Information shown →

§

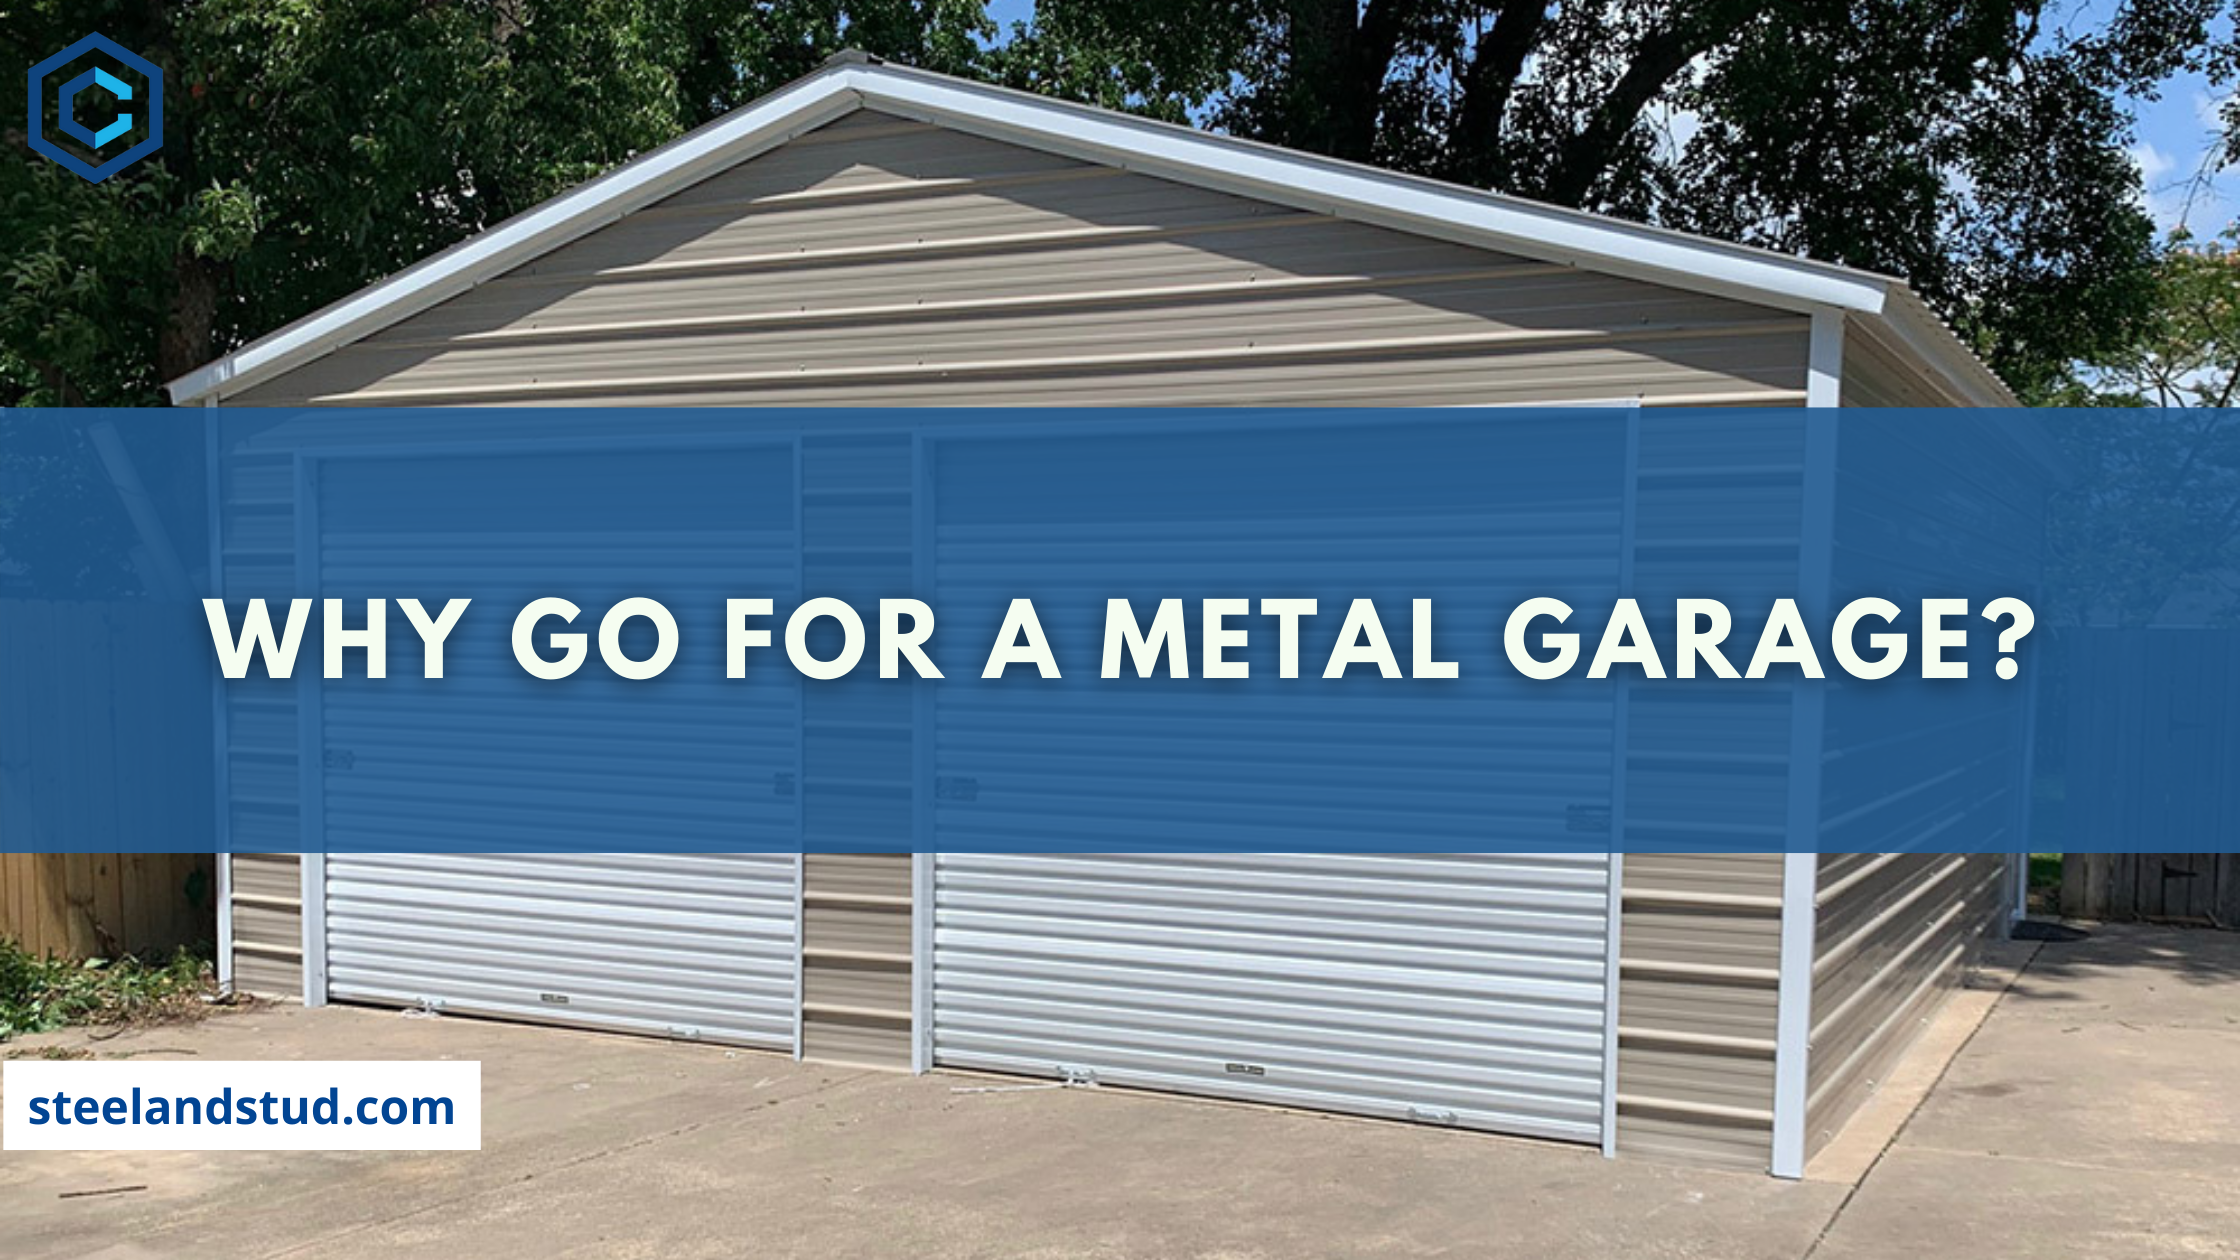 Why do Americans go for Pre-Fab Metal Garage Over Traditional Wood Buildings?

§

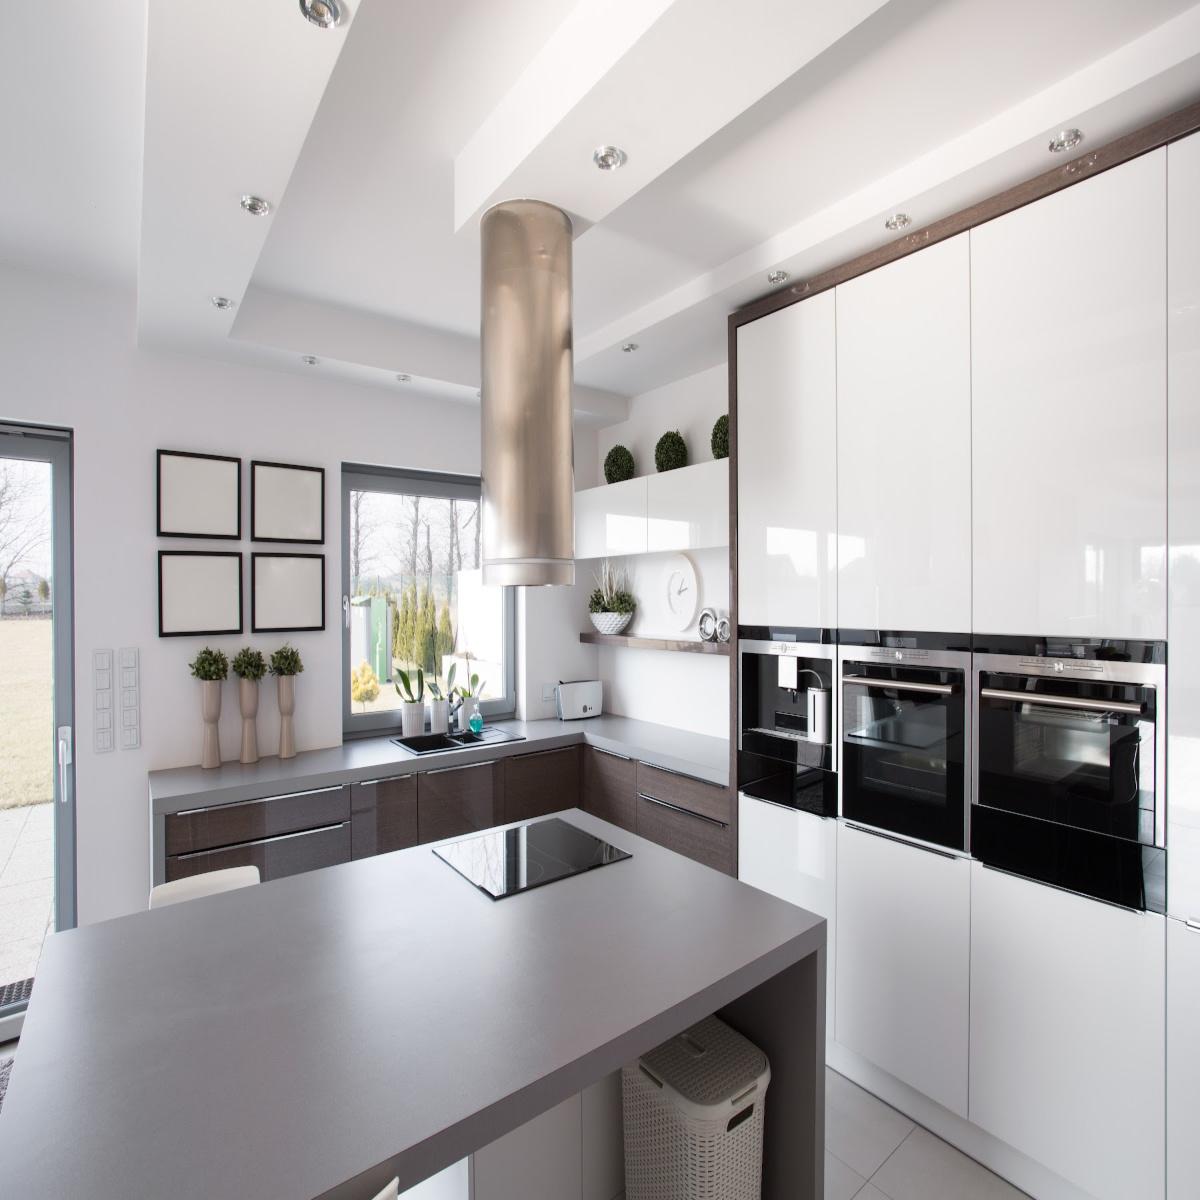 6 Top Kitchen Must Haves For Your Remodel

§

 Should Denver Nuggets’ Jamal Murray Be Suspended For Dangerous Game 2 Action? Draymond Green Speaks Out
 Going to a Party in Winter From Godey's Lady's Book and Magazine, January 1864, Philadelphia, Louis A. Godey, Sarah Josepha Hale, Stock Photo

§

Reproduce, word for word and in full, only the lines above that start at the line with "Should Denver Nuggets’" and run through the line with "Going to a Party", both ends included.

 Should Denver Nuggets’ Jamal Murray Be Suspended For Dangerous Game 2 Action? Draymond Green Speaks Out
 Going to a Party in Winter From Godey's Lady's Book and Magazine, January 1864, Philadelphia, Louis A. Godey, Sarah Josepha Hale, Stock Photo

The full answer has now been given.